# Exercise objective
Reproduce, exactly and only, the lines of the data that follows from the one containing "Cabinet Hardware Lg" down to the one containing "China Glaze Presenta", without pictures.

# Material for this exercise
########################################

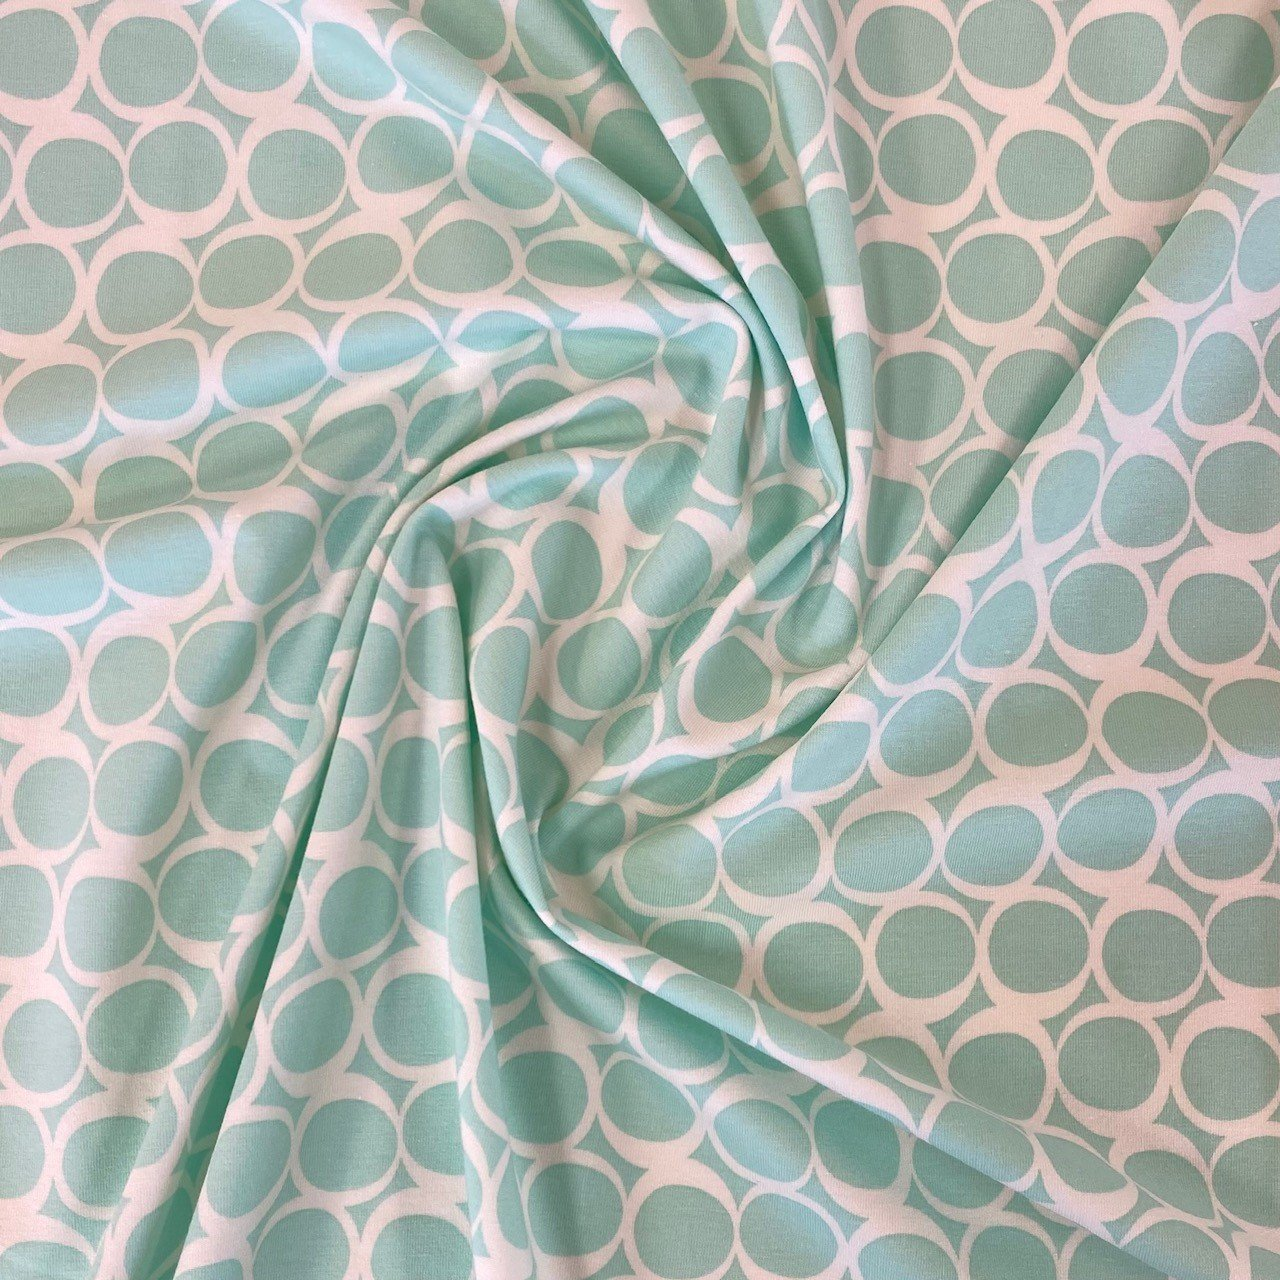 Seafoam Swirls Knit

########################################

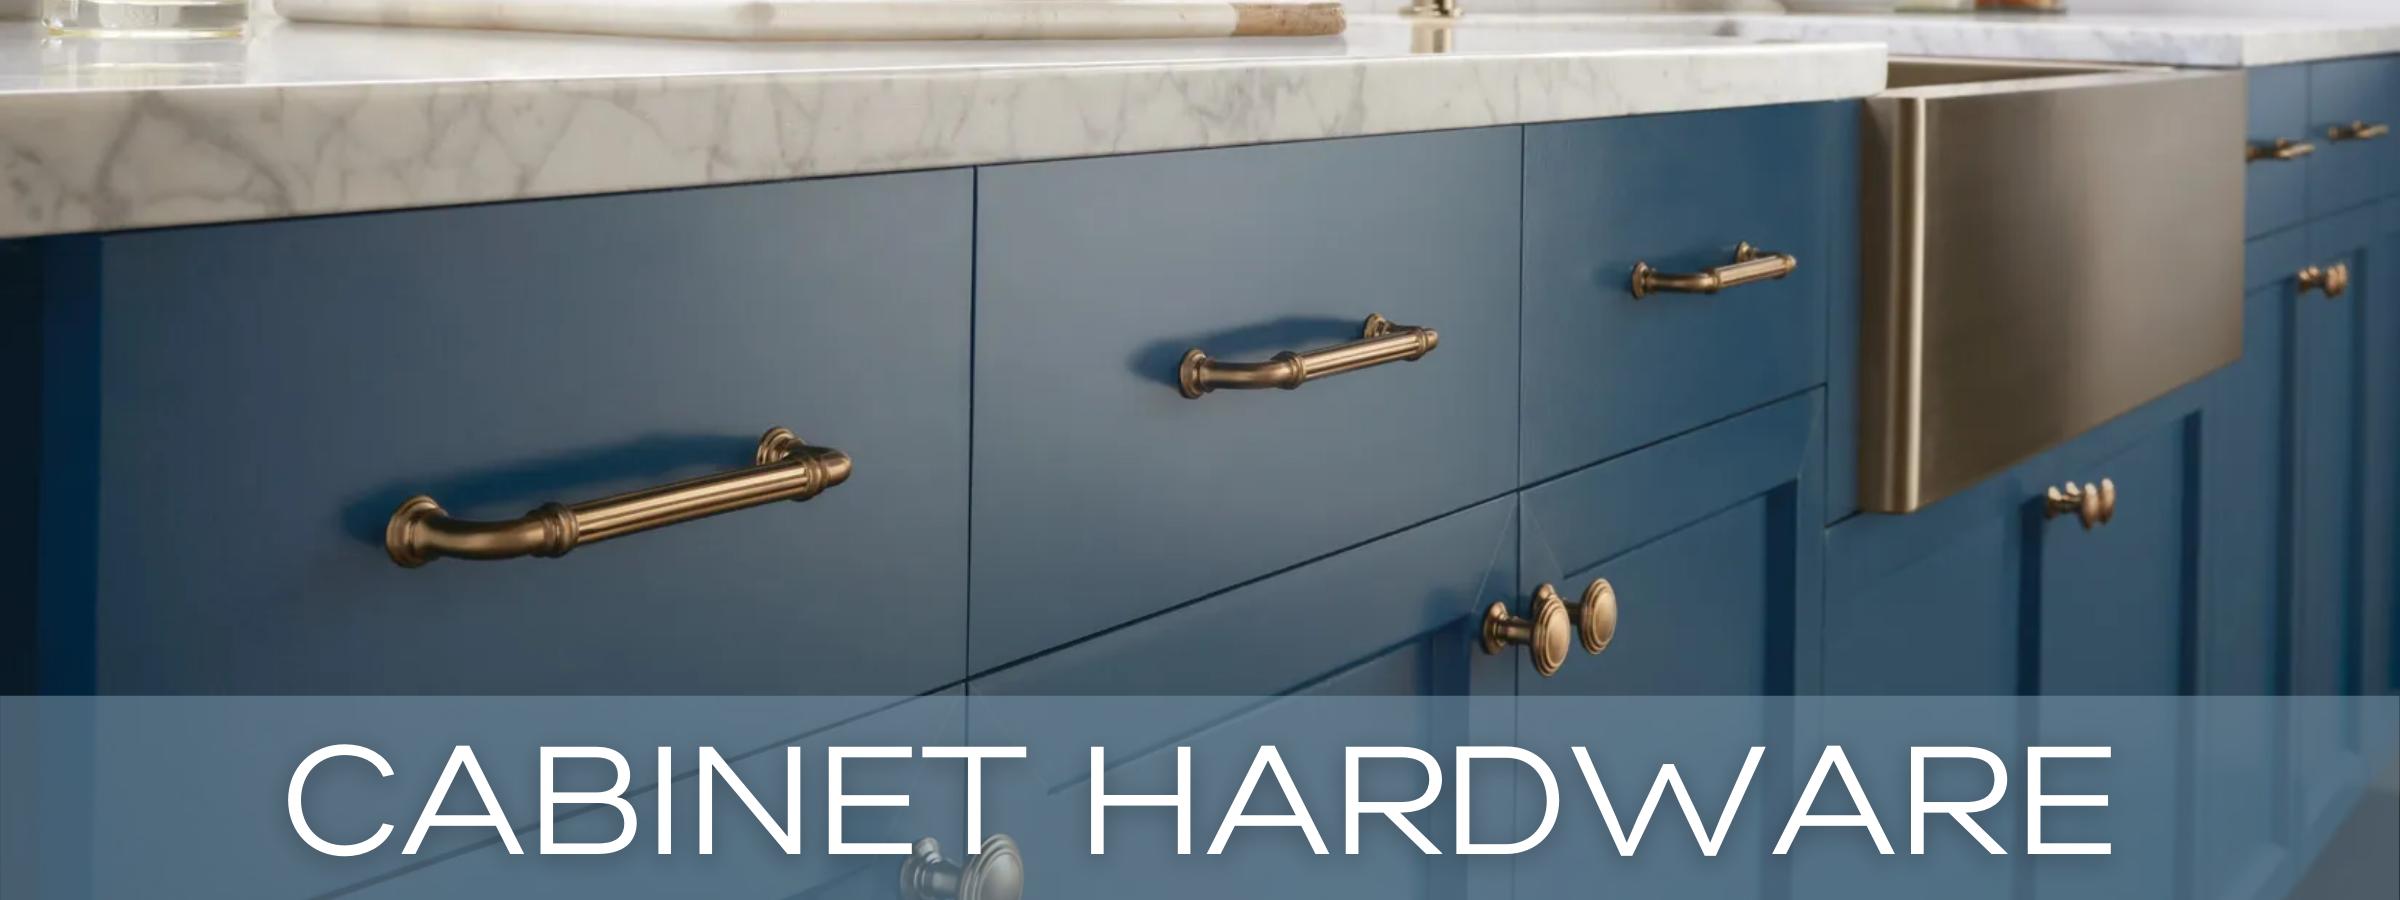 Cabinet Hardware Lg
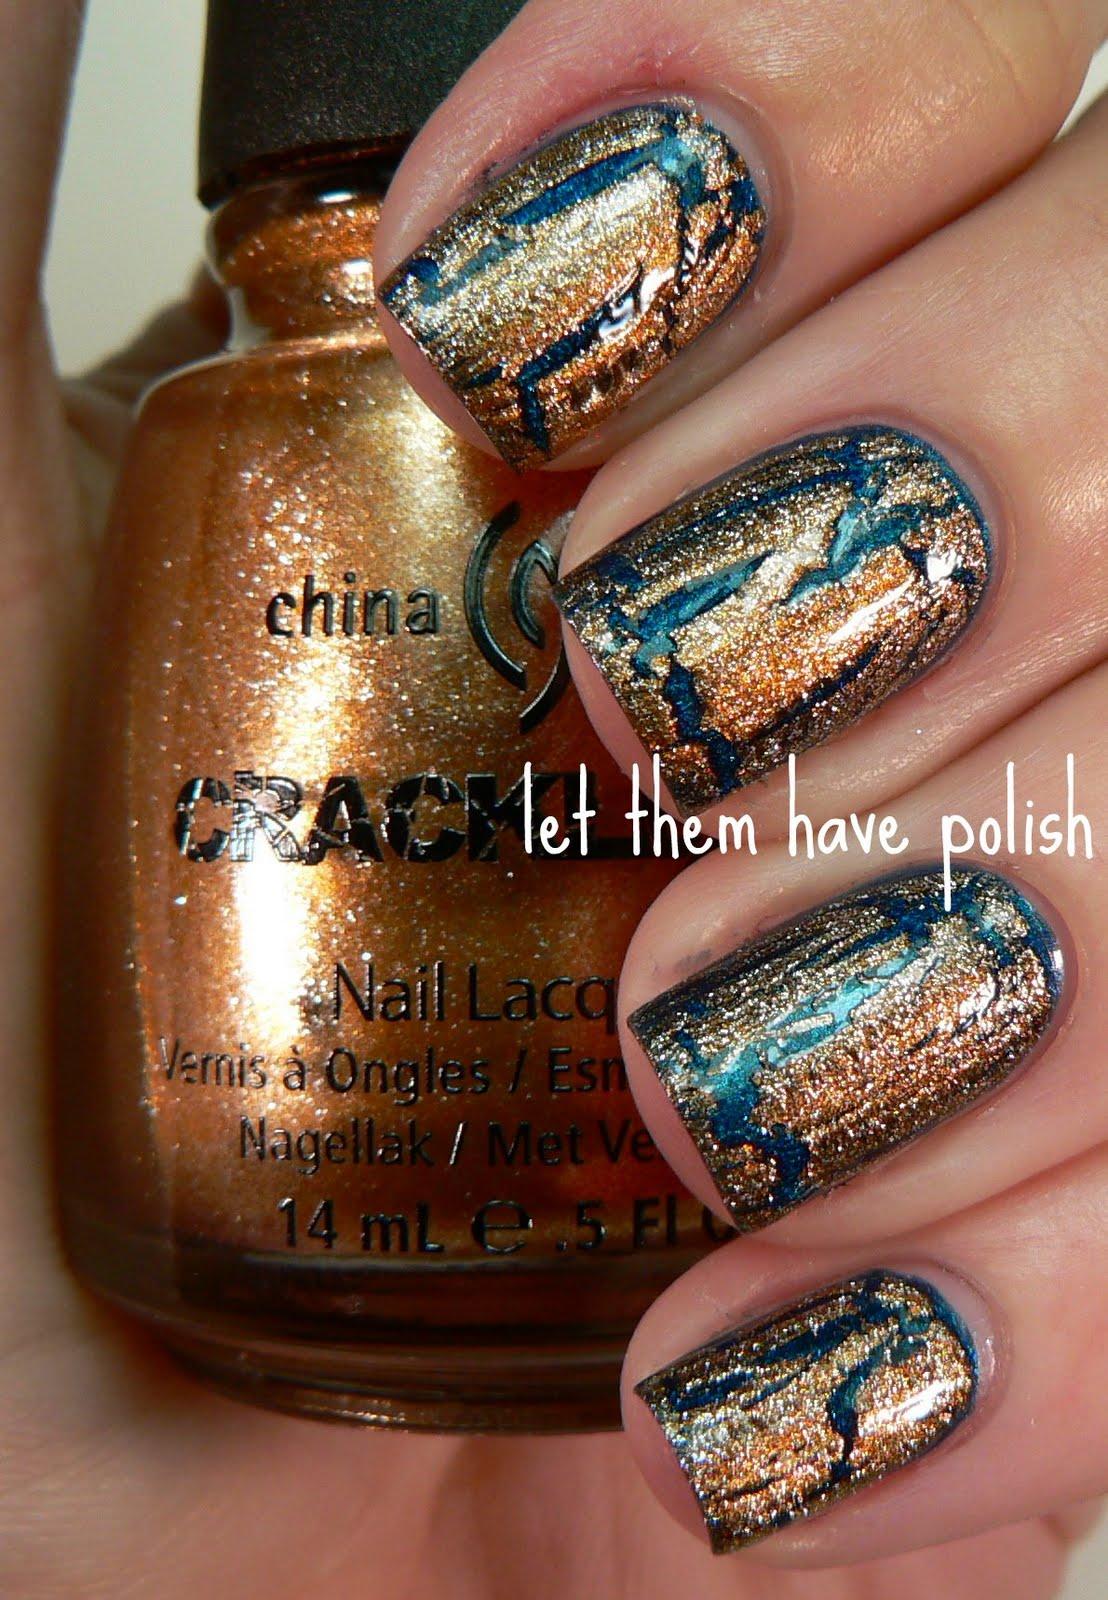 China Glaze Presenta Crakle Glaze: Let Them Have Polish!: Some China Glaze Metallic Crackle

########################################

# Answer box
 Cabinet Hardware Lg
 China Glaze Presenta Crakle Glaze: Let Them Have Polish!: Some China Glaze Metallic Crackle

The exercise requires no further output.